# 'Tis the season for.....



## jujube (Dec 12, 2021)

.....wacky renditions of "The Nutcracker".

I'm not sure why there is any need to present The Nutcracker in any form beyond which it was created, but apparently that need exists.

Today, I watched about 15 minutes of a rendition that apparently takes place entirely in the dormitory of an orphanage.  There's the requisite crabby old Matron and some strange guy who appears to be a sort of Daddy Warbucks.  Lots of jumping on beds and dancing with mops.  

A few years ago, a channel presented hours and hours of "alternate" Nutcrackers, which ranged from pretty-near-the-original to really out of orbit.  My favorite one had the entire cast in what appeared to be beige union suits or maybe it was Mormon sacred underwear, prancing around aimlessly and doing a lot of writhing on the floor...artistically....  The "Nutcracker", or at least I _think_ he was the Nutcracker was distinguished from the others by sporting cloth testicles and a penis sewed onto the front of his suit.   Okaaaay.  Family entertainment, fer shure. 

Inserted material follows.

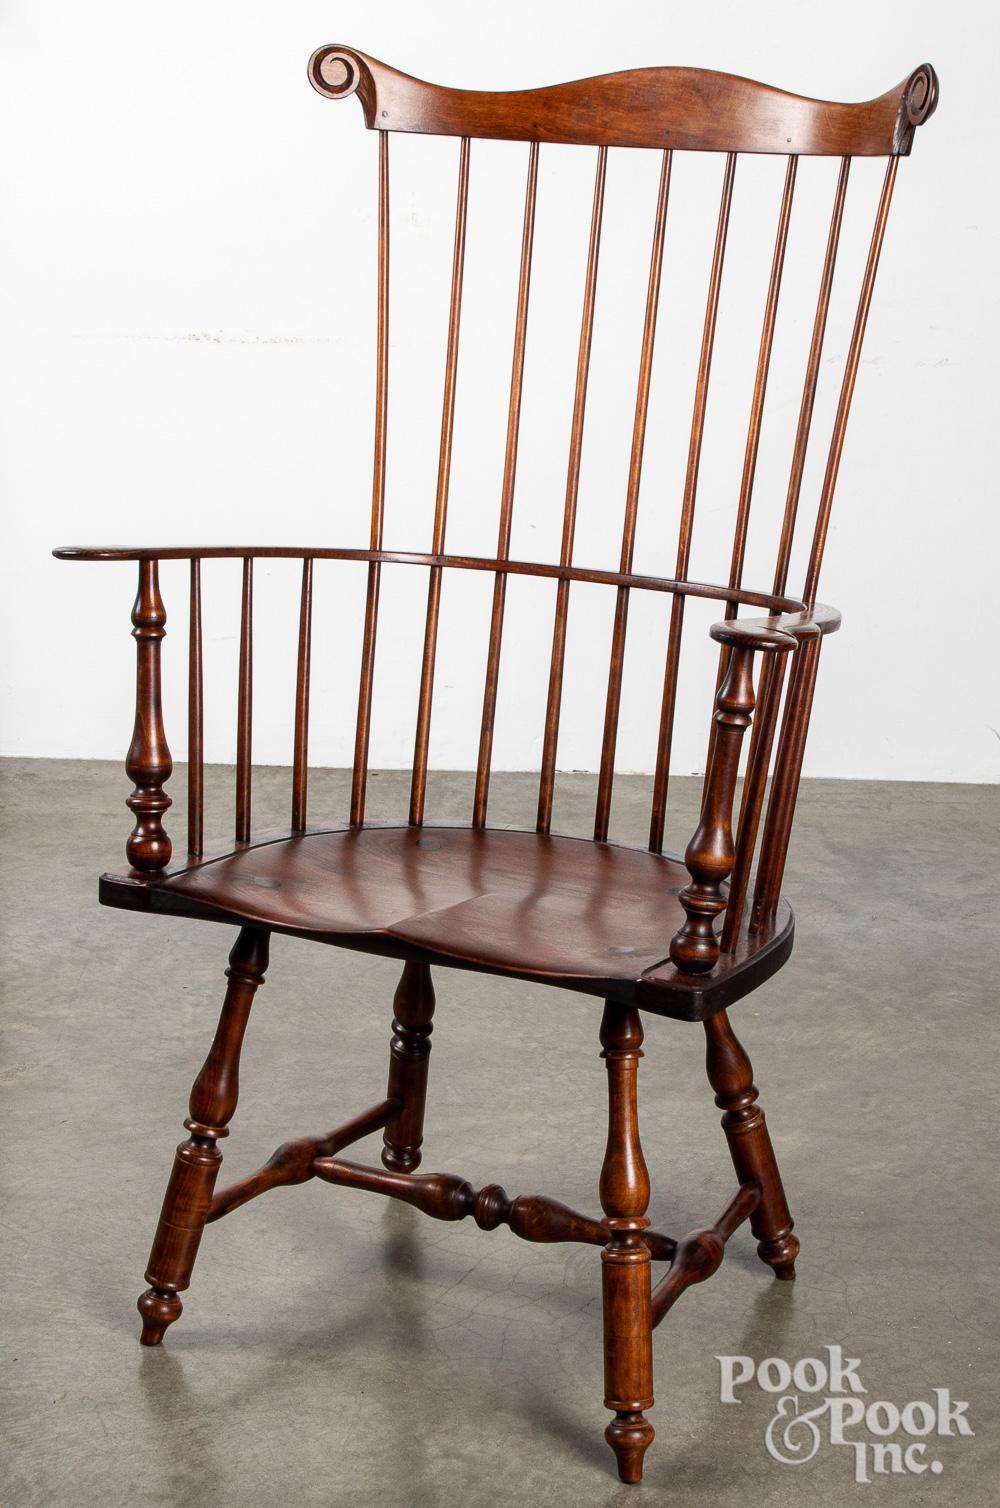 Drew Lausch contemporary Windsor armchair.
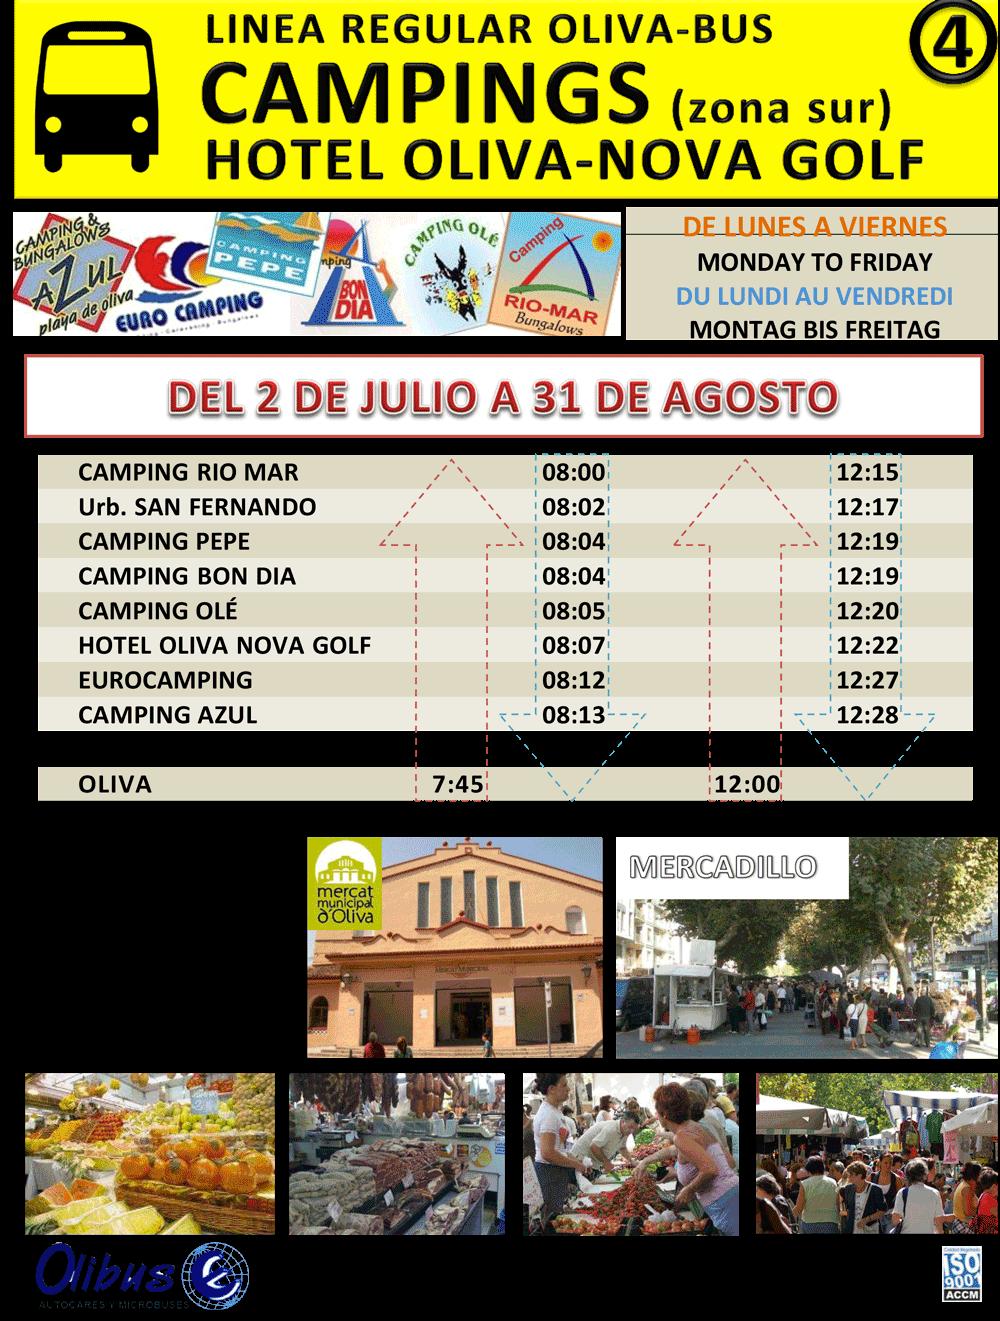 HORARIO DE ESTIU - CAMPINGS

I'm looking forward to my little ones getting a little bit older so I can expect them to sit through a traditional performance.  Right now, the 2-year-old would probably be up on stage dancing with the ensemble, the 8-year-old would be terminally "bored" and would be vocal about it and the two five-year-olds would be trying to find chewing gum on the bottoms of the seats.


----------



## RadishRose (Dec 14, 2021)

jujube said:


> "The Nutcracker"


My first ballet attendance so many, many years ago.


----------